The SMART module contains mathematical algorithms that perform a series of
calculations for a given reaction process. This module performs mass balance calculations based
on user-entered data and classifies the hazardous nature of each material used or formed in the
process, using established EPA guidelines. You will be asked for some general information
regarding your reaction process:
the reaction identity or name ("Reaction ID");
the typical number of batches per year; and,
the expected percent yield of the reaction.

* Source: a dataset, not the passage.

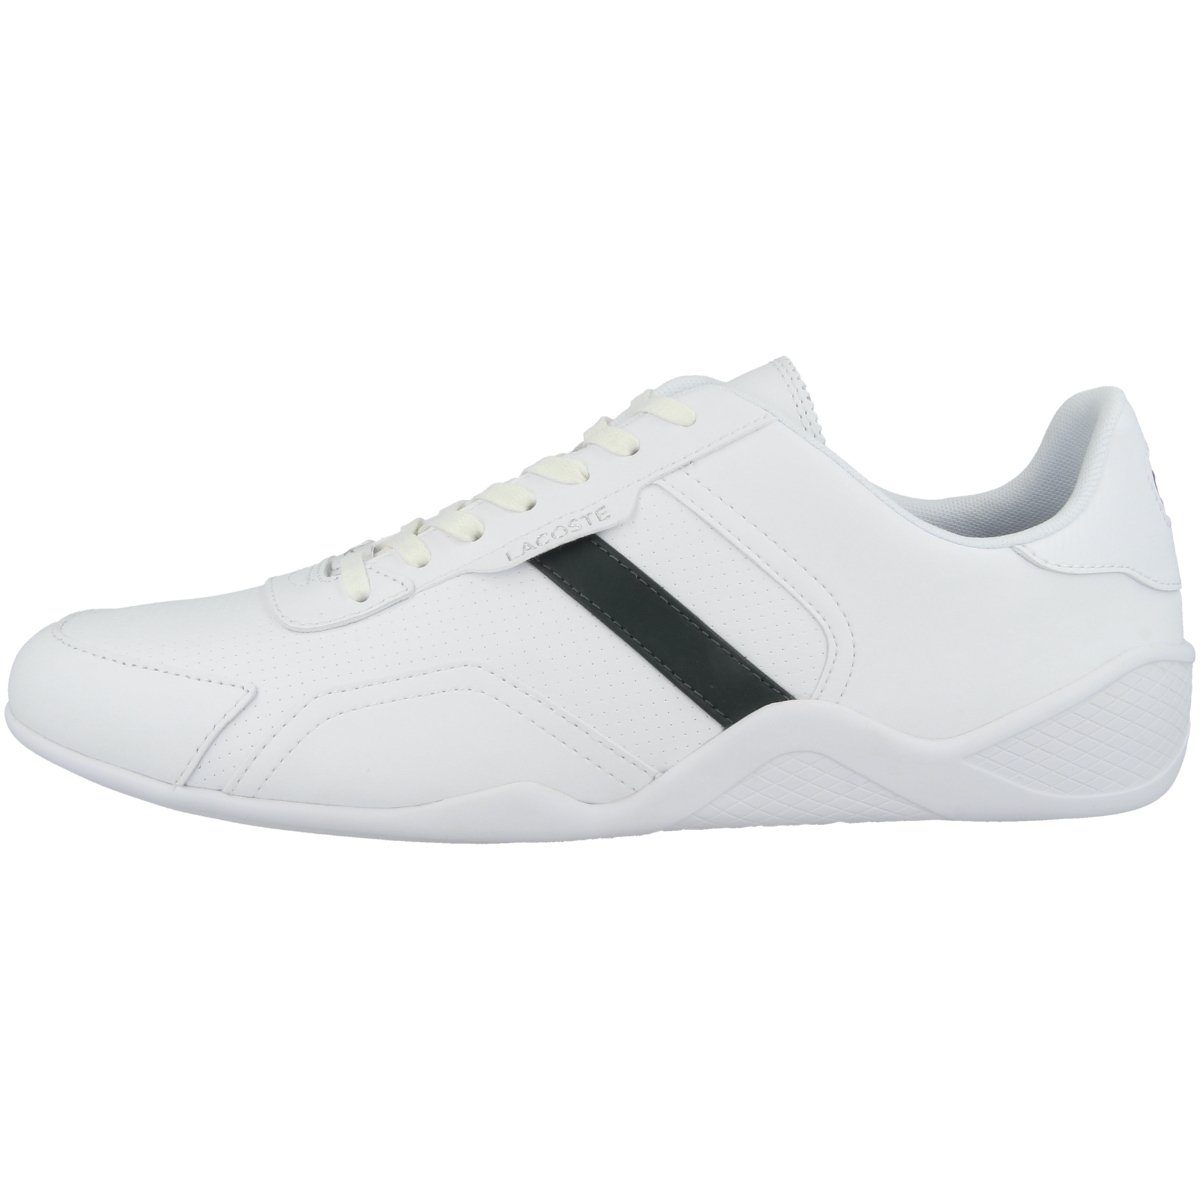 Lacoste »Hapona 0721 1 Herren« Sneaker kaufen | OTTO

You should also be prepared to provide the following information for each chemical used
or formed in the process:
CAS Registry Number (CAS RN), if known;
the kg/batch charged or formed;
the kg/batch recovered;
the role of the chemical in the reaction (e.g., feedstock, product, solvent, etc.); and
the number of equivalents required or formed (this information is not needed for
catalysts, solvents, impurities, and byproducts).
Use a CAS RN if you know it. The GCES includes a Lookup Table with basic
information on over 60,000 chemicals listed by CAS RN (note: this list is not reflective of TSCA
inventory). If the CAS RN you enter is in the database, the GCES automatically looks up:
the chemical name;
the molecular weight; and,
the SMILES notation (i.e., the chemical structure).

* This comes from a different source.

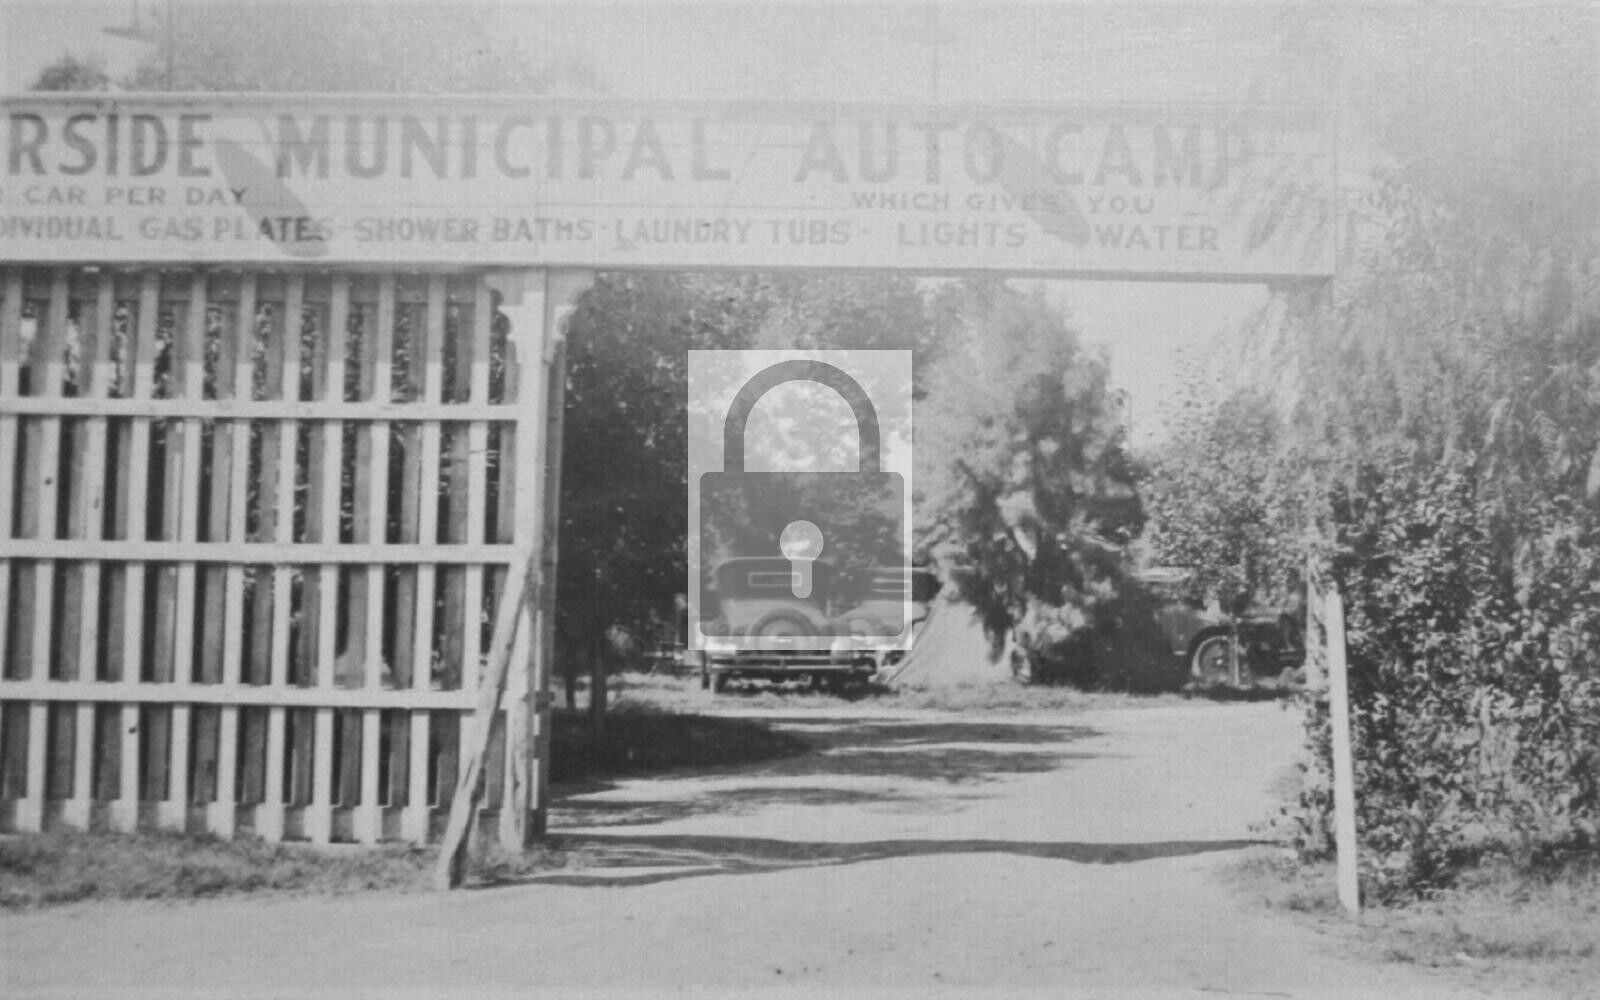 Riverside Municipal Auto Camp Entrance California CA Reprint Postcard

If a chemical in the manufacturing process does not have a CAS RN, you will also need to enter a
unique alphanumeric identifier for the chemical so that the system can store information on this
chemical for your use later.
The SMART module uses Simplified Molecular Input Line Entry System (SMILES)
notation to represent molecular structures by strings of symbols. Discussion of SMILES notation
is outside of the scope of this document. You should consult Weininger's original paper on this
topic (Weininger, D., J. Chem. Inf. Comp. Sci. 1988, 28(1), 31) if you are unfamiliar with this
notation. An expanded discussion on SMILES notation is also available on the World Wide Web
at httpV/esc.syrres.conV-ESC/docsmile.htni. Some chemistry drawing packages (such as
ChemDraw, ConSystant, Kekule) will generate a SMILES notation from a chemical structure.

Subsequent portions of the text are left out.